Follow Slashdot stories on Twitter

 



Forgot your password?
typodupeerror
×
Intel

Intel Accused of Inflating Over 2,600 CPU Benchmark Results (pcworld.com) 47

An anonymous reader shared this report from PCWorld: The Standard Performance Evaluation Corporation, better known as SPEC, has invalidated over 2600 of its own results testing Xeon processors in the 2022 and 2023 version of its popular industrial SPEC CPU 2017 test. After investigating, SPEC found that Intel had used compilers that were, quote, "performing a compilation that specifically improves the performance of the 523.xalancbmk_r / 623.xalancbmk_s benchmarks using a priori knowledge of the SPEC code and dataset to perform a transformation that has narrow applicability."

In layman's terms, SPEC is accusing Intel of optimizing the compiler specifically for its benchmark, which means the results weren't indicative of how end users could expect to see performance in the real world. Intel's custom compiler might have been inflating the relevant results of the SPEC test by up to 9%...

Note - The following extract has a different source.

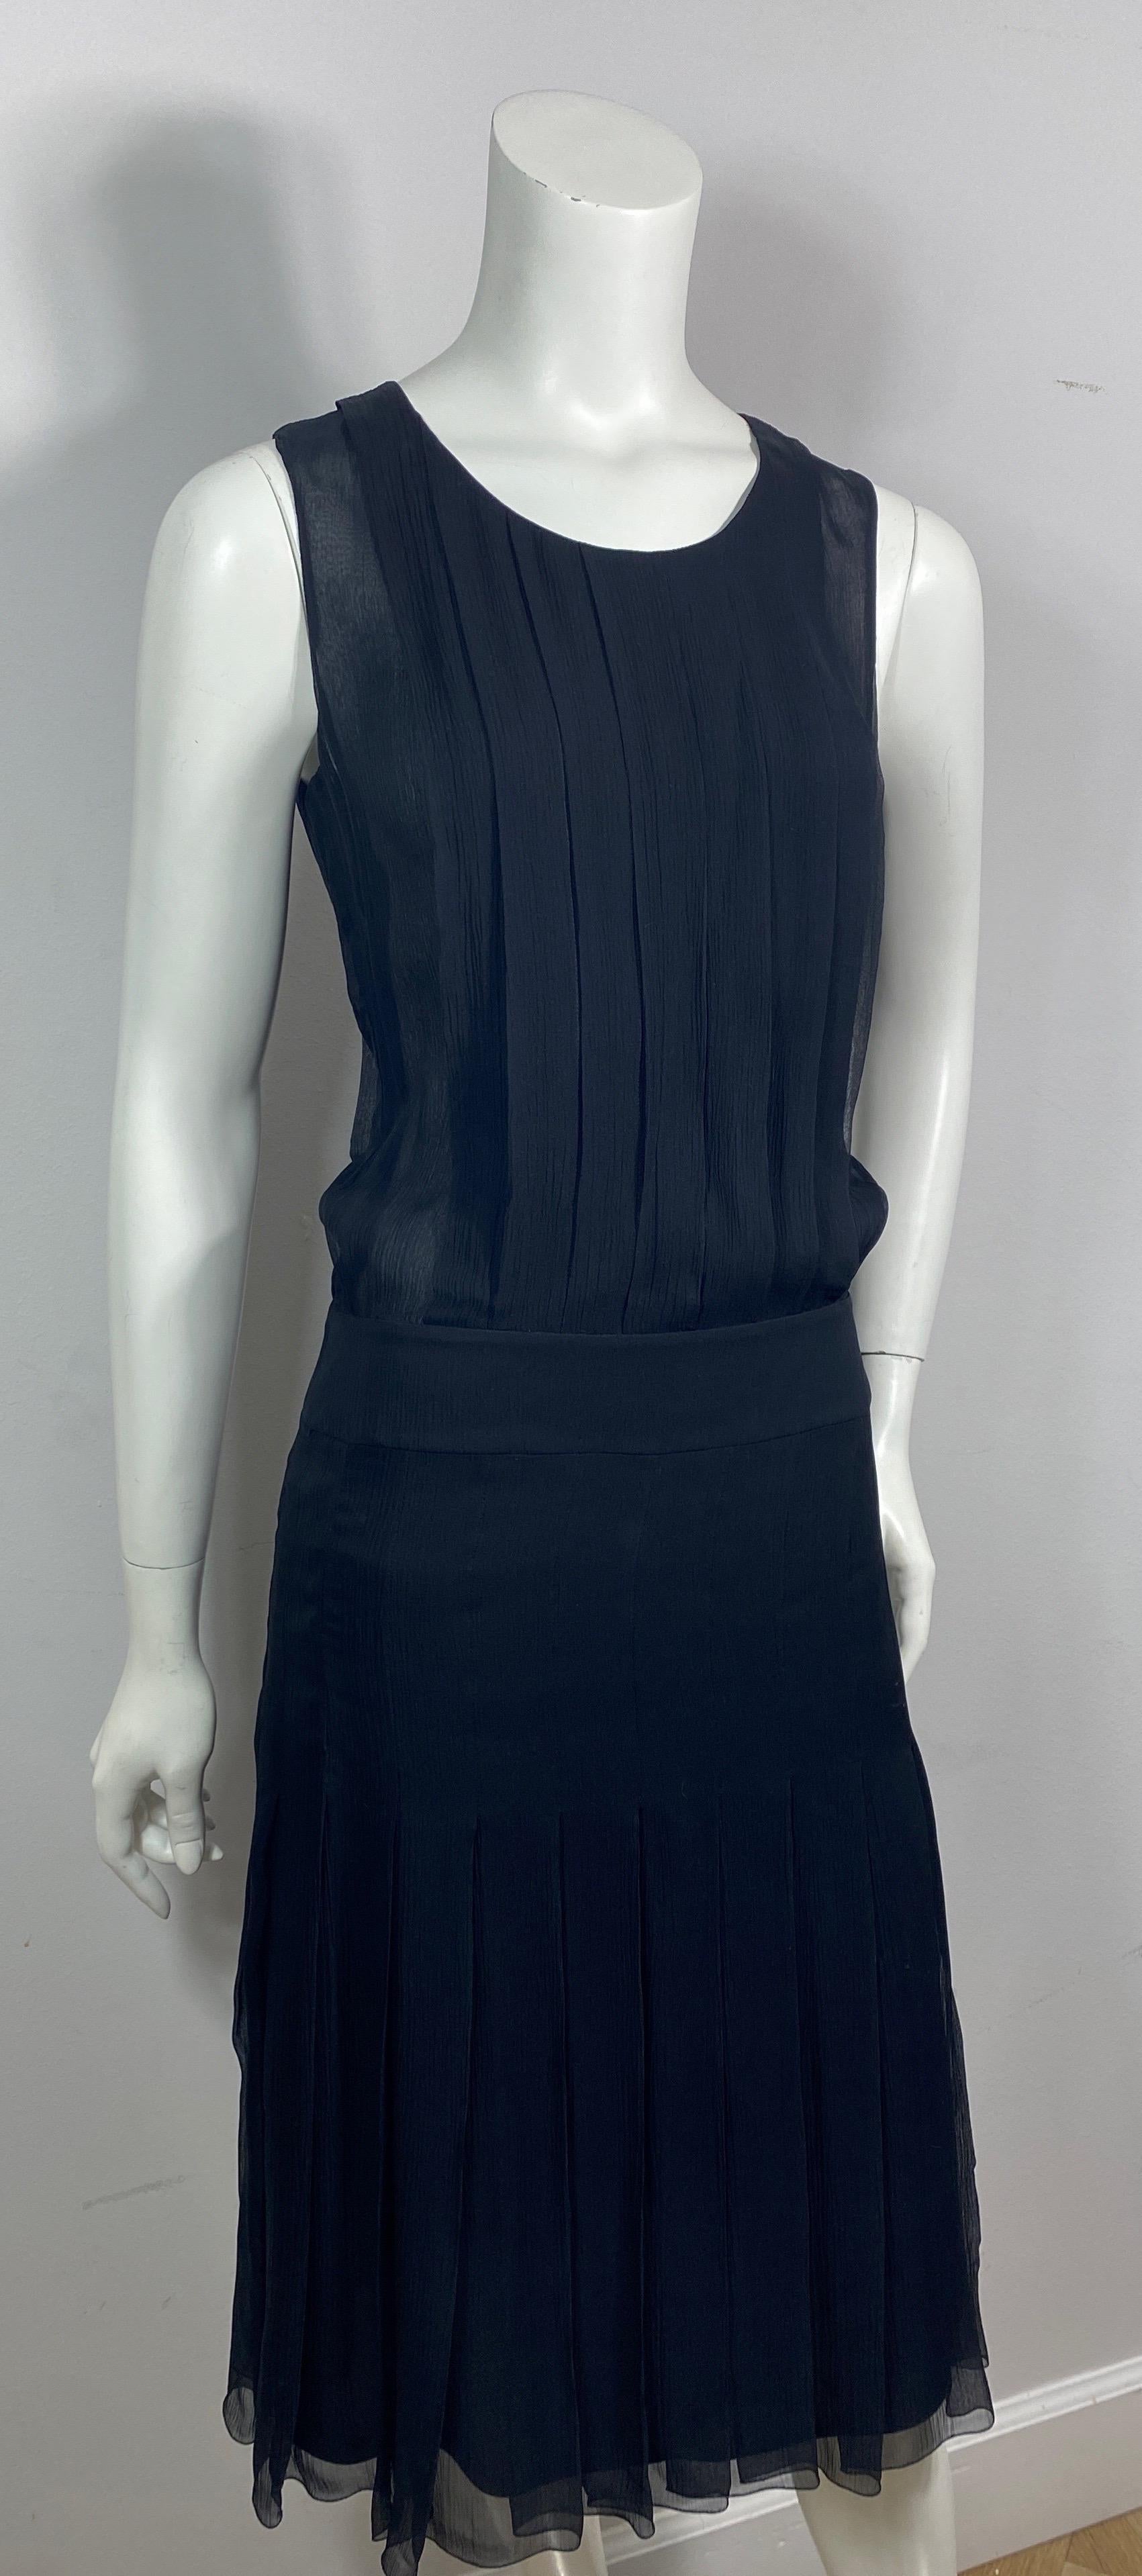 Chanel 2006C Black Silk Chiffon Sleeveless Dress-Size 40 In Good Condition For Sale In West Palm Beach, FL

Slightly newer versions of the compilers used in the latest industrial Xeon processors, the 5th-gen Emerald Rapids series, do not use these allegedly performance-enhancing APIs. I'll point out that both the Xeon processors and the SPEC 2017 test are some high-level hardware meant for "big iron" industrial and educational applications, and aren't especially relevant for the consumer market we typically cover.

More info at ServeTheHome, Phoronix, and Tom's Hardware.
This discussion has been archived. No new comments can be posted.

Intel Accused of Inflating Over 2,600 CPU Benchmark Results

Comments Filter:
  • 2600 counts of fraud (Score:4, Interesting)

    by Njovich ( 553857 ) on Saturday February 17, 2024 @04:40PM (#64248080)

    Remember when companies like Boeing and Intel were companies with a proud engineering culture?

    Yeah me neither, that was a long time ago. Intel has been caught doing this type of stuff for decades.

    • If you count each of those 2600 inflations as "fraud," you'd have to count every advertisement ever, as fraud.

  • board member one: How are we going to beat AMD?
    board member two: We are going to cheat and let our brand name make up for any ties
    board member three: That right we are going to cheat and let our Bonus go high!

    • board member one: How are we going to beat AMD? board member two: We are going to cheat and let our brand name make up for any ties board member three: That right we are going to cheat and let our Bonus go high!

      Optimized or not, if all it takes to feed millions in revenue directly into executive pockets is selling a “benchmark” report full of shit few would ever replicate, then I put the blame more on the suckers falling for executive lies. It’s not that they’re brilliant at sales. It’s that most consumers are that gullible.

  • How aren't the test results relevant if the core designs are basically the same as in desktop CPUs? Only the number of cores in the SoC and the interface are different.

    • The biggest difference is access to more RAM for the XEONs compared to the "desktop" version of the CPUs, some of the benchmarks in the SPEC suit simply benefit from more available RAM. (Also from faster RAM, but that shouldn't matter much within the same core generation.)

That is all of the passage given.